Q6. Interpretation of a one-way ANOVA result:
   The obtained F-statistic of 5.23 with a p-value of 0.02 indicates that there is a statistically significant difference between the groups' means. Therefore, we reject the null hypothesis of equal means among the groups. However, further post-hoc tests would be necessary to determine which specific groups differ significantly from each other.

Q7. Handling missing data in repeated measures ANOVA:
   - Pairwise deletion: Exclude cases with missing data on a pairwise basis. This may lead to loss of power and biased estimates if data are not missing completely at random.
   - Imputation: Replace missing values with estimated values using various imputation methods such as mean imputation or regression imputation. However, this may introduce bias and underestimate variability.
   - Maximum likelihood estimation: Utilize all available data to estimate model parameters. This method is preferred when data are missing at random, but it can be computationally intensive.
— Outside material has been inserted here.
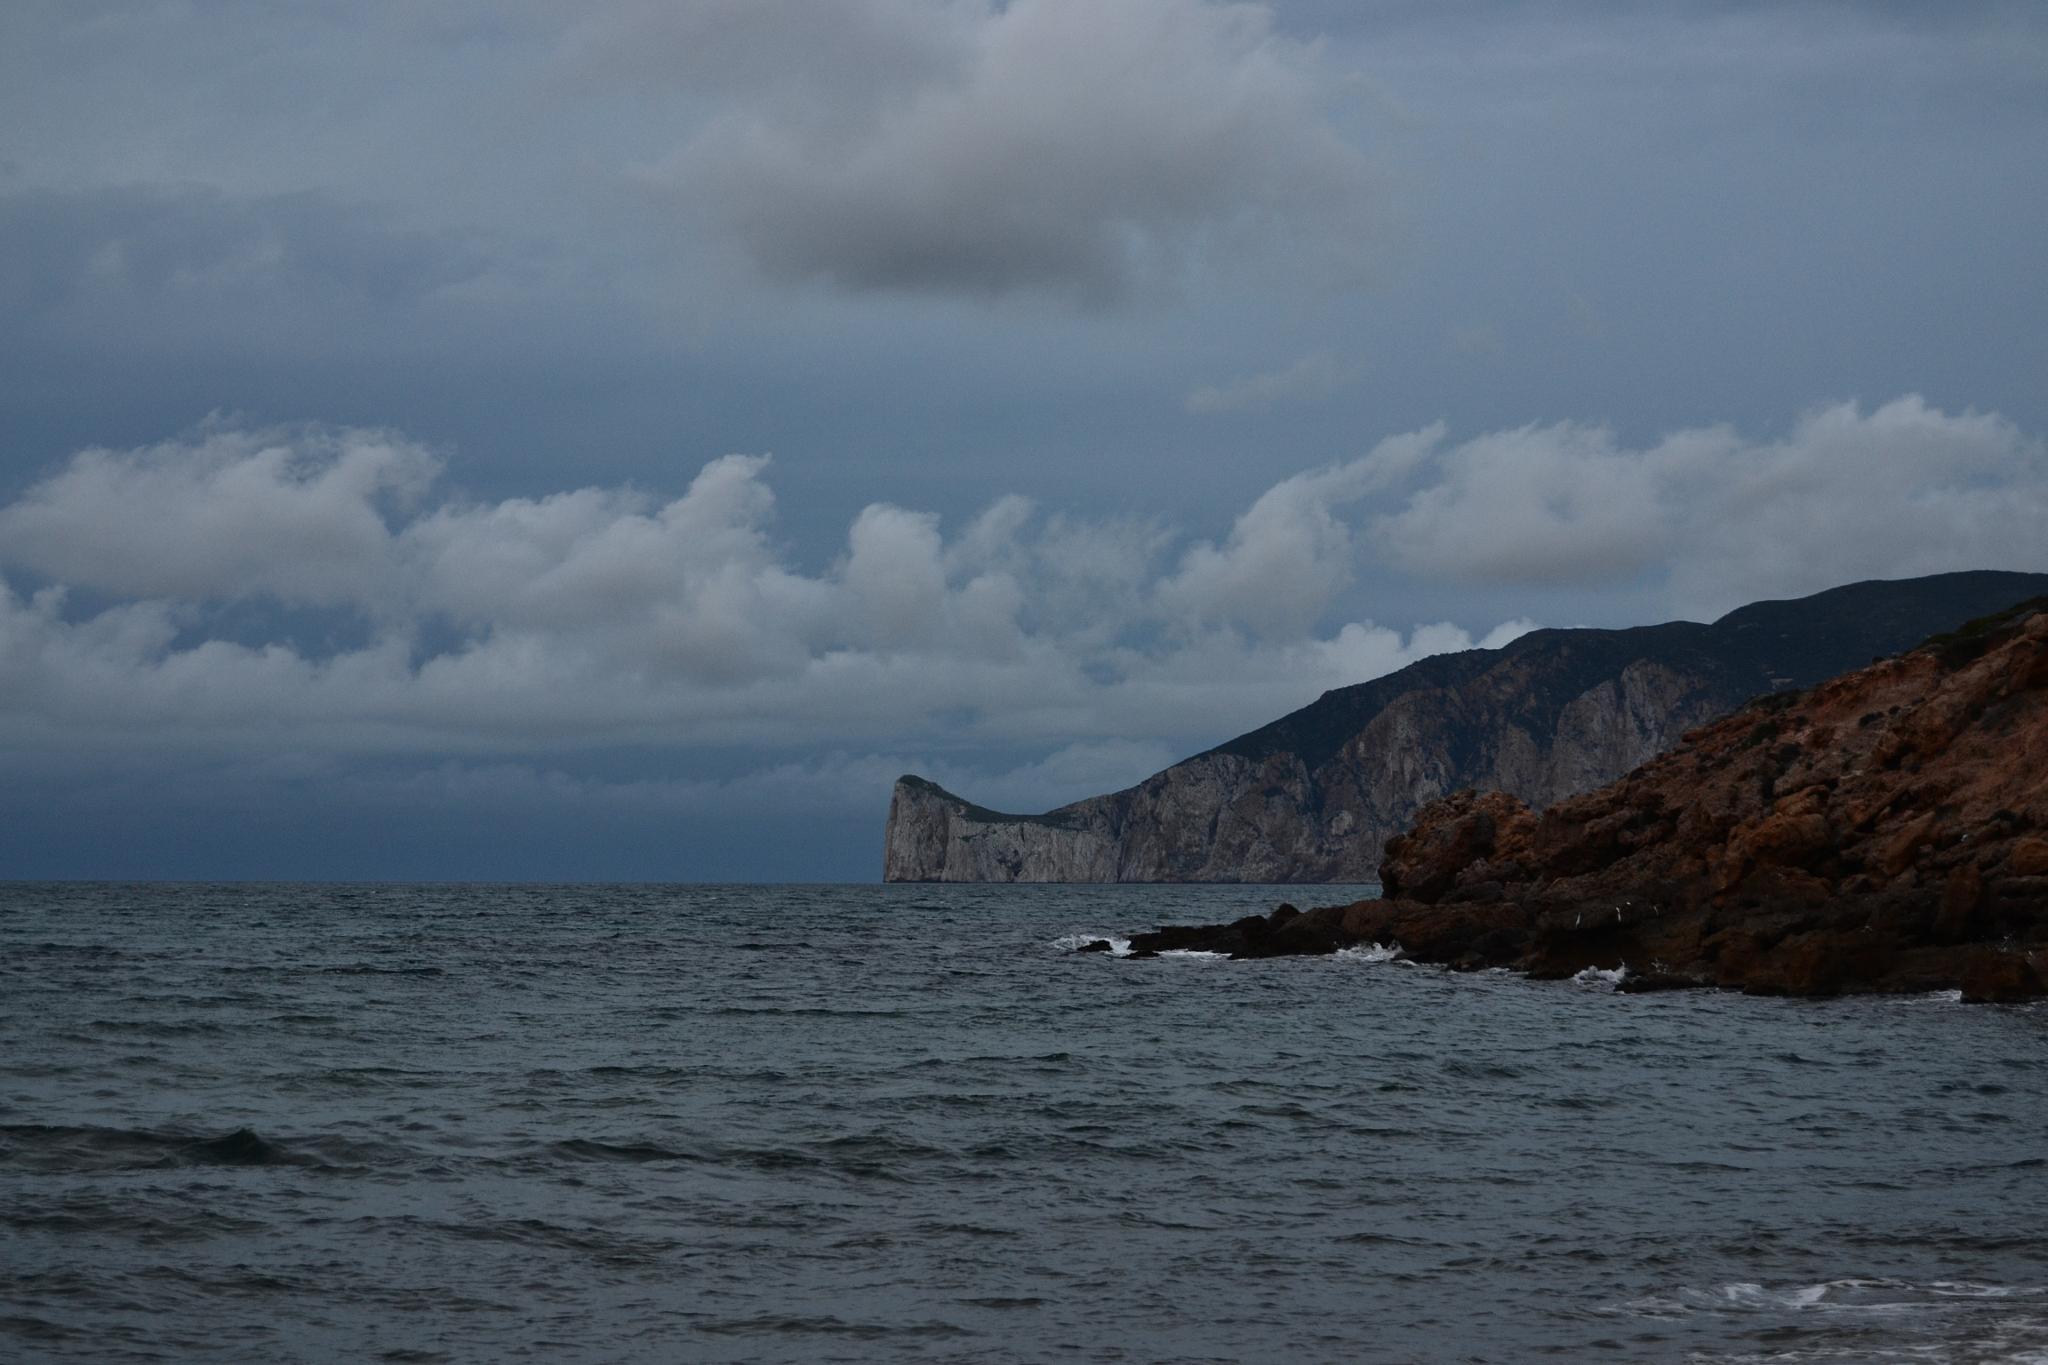 """""""A Scene at the Sea"""" by Anna Congiu"""
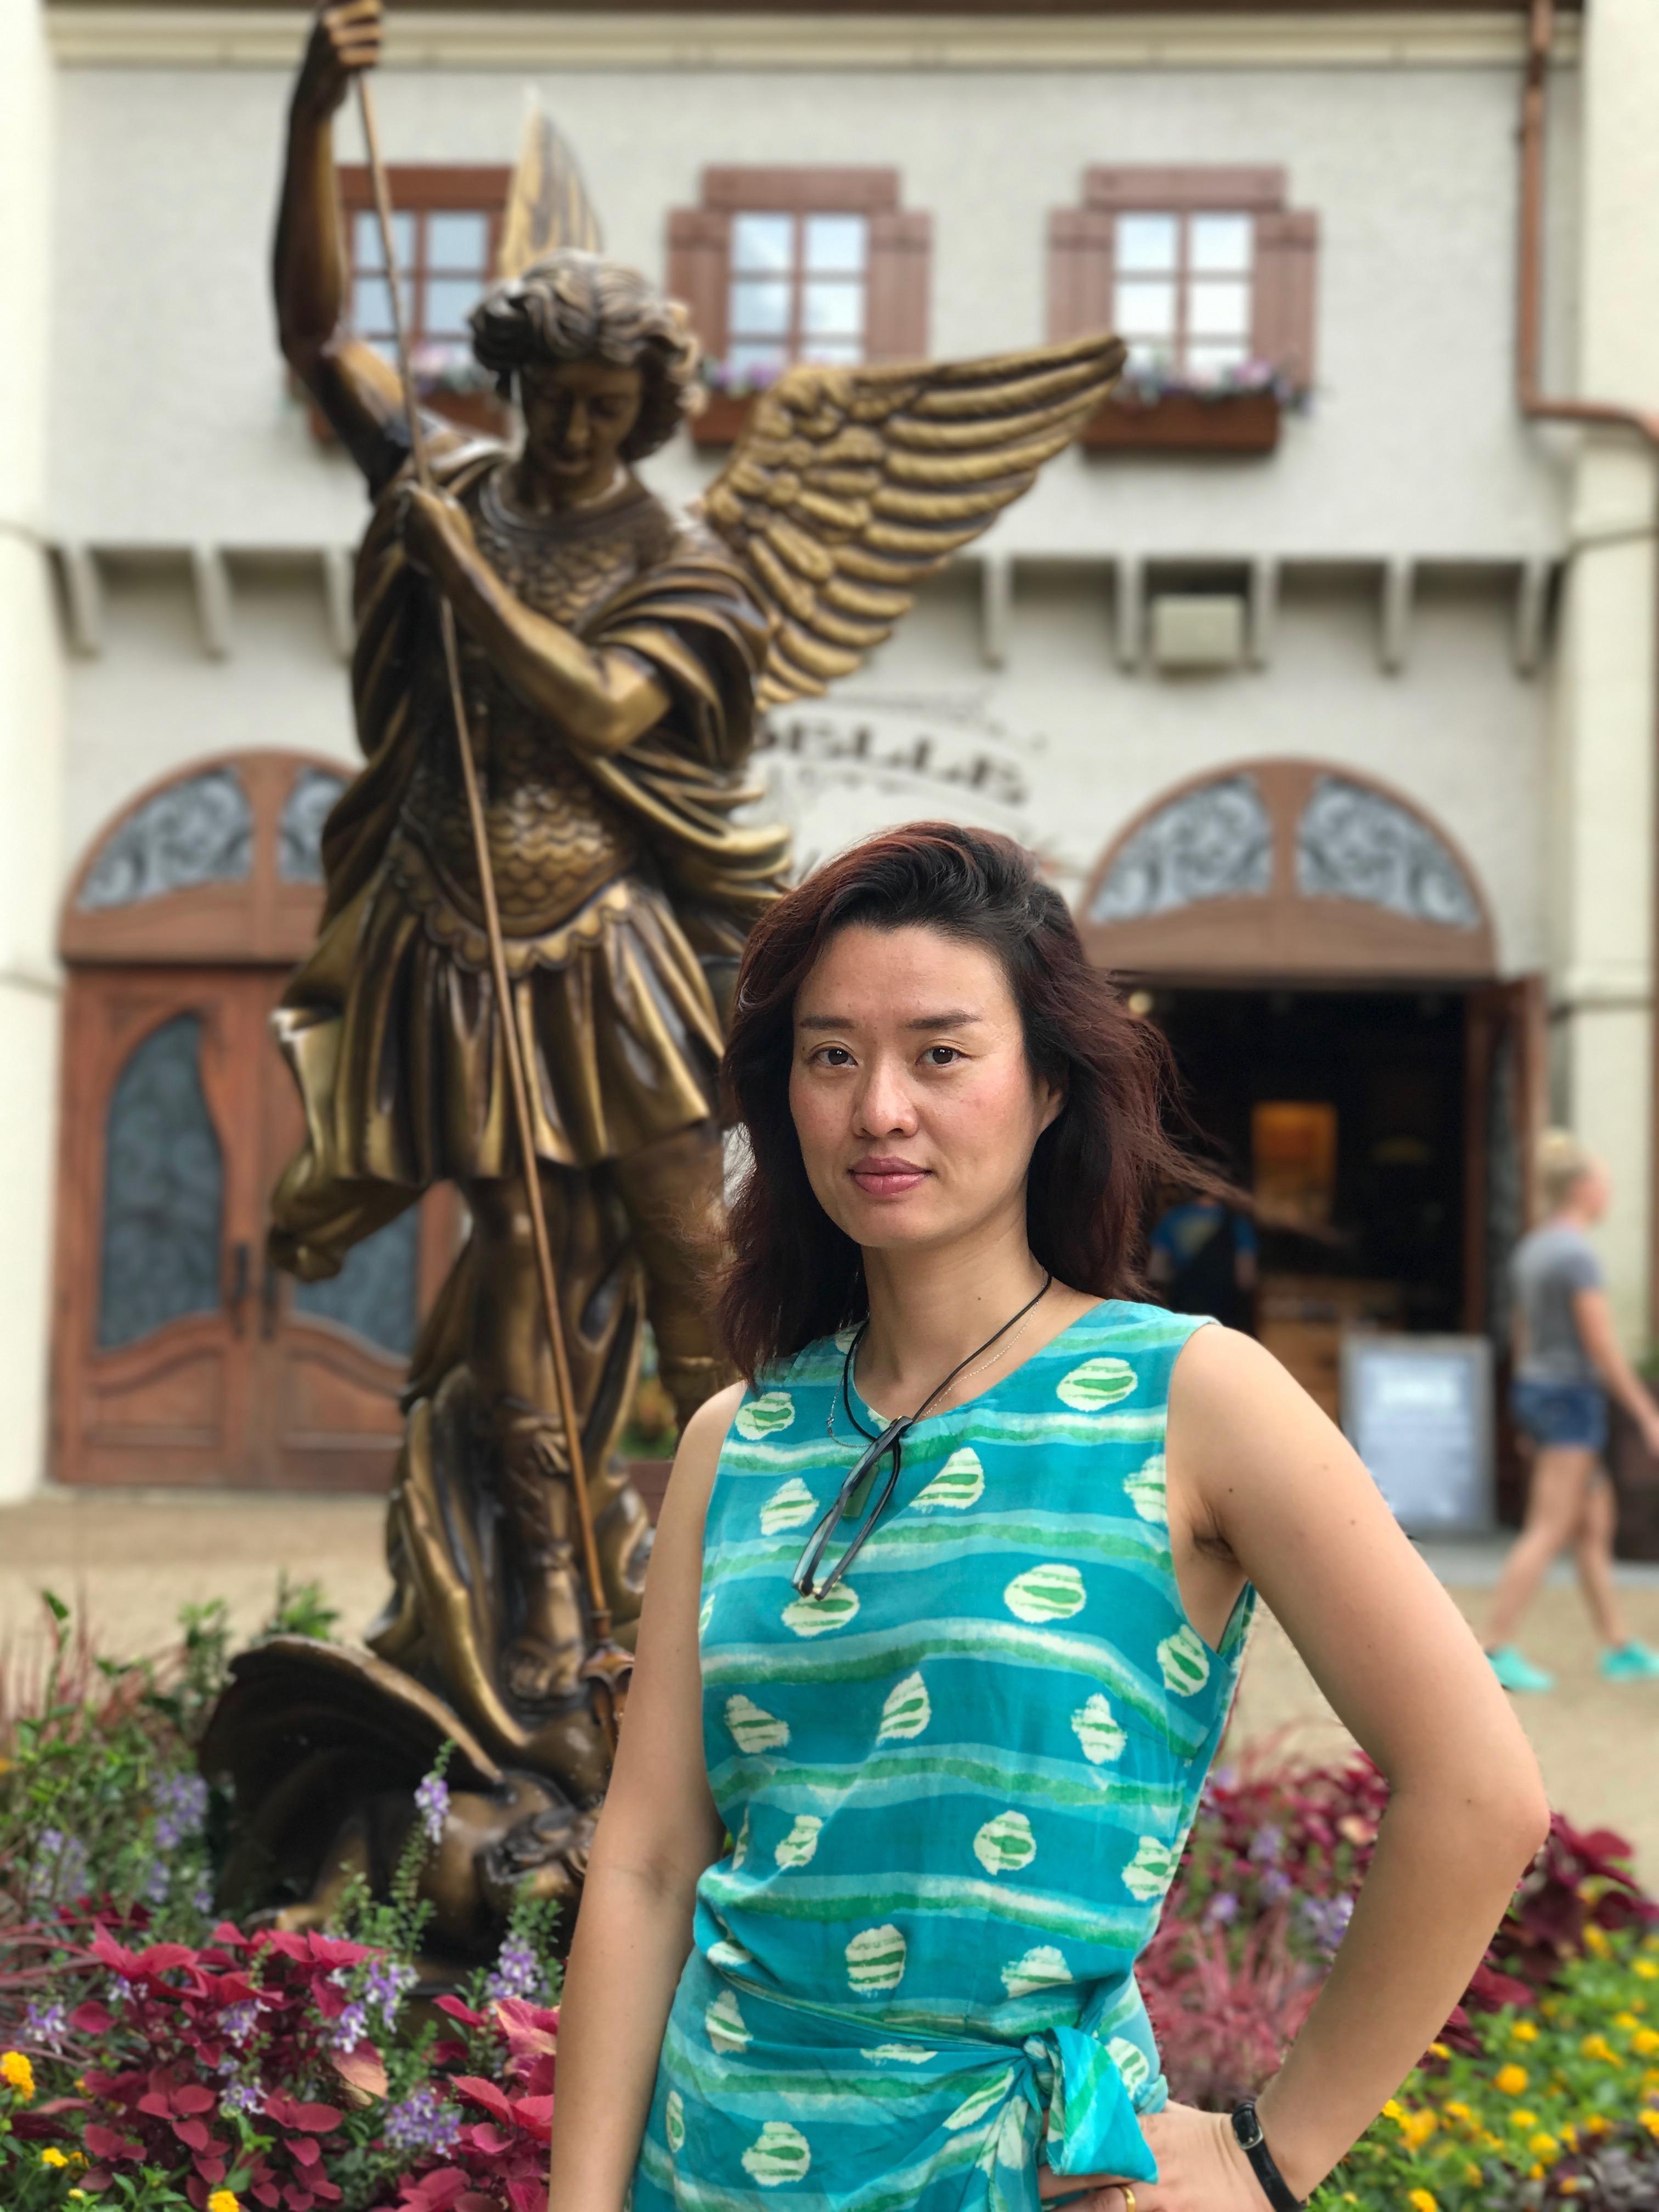 About Daphne Yao

Q8. Common post-hoc tests after ANOVA:
   - Tukey's Honestly Significant Difference (HSD) test: Used to identify which group means differ significantly from each other. It controls the familywise error rate.
   - Bonferroni correction: Adjusts the significance threshold for multiple comparisons to maintain the overall significance level.
   - Scheffe's method: Provides a conservative approach to pairwise comparisons while controlling the Type I error rate.

   Example: After conducting a one-way ANOVA to compare the effectiveness of three teaching methods on student performance, a post-hoc test like Tukey's HSD would be necessary to determine which specific pairs of teaching methods show significant differences in performance.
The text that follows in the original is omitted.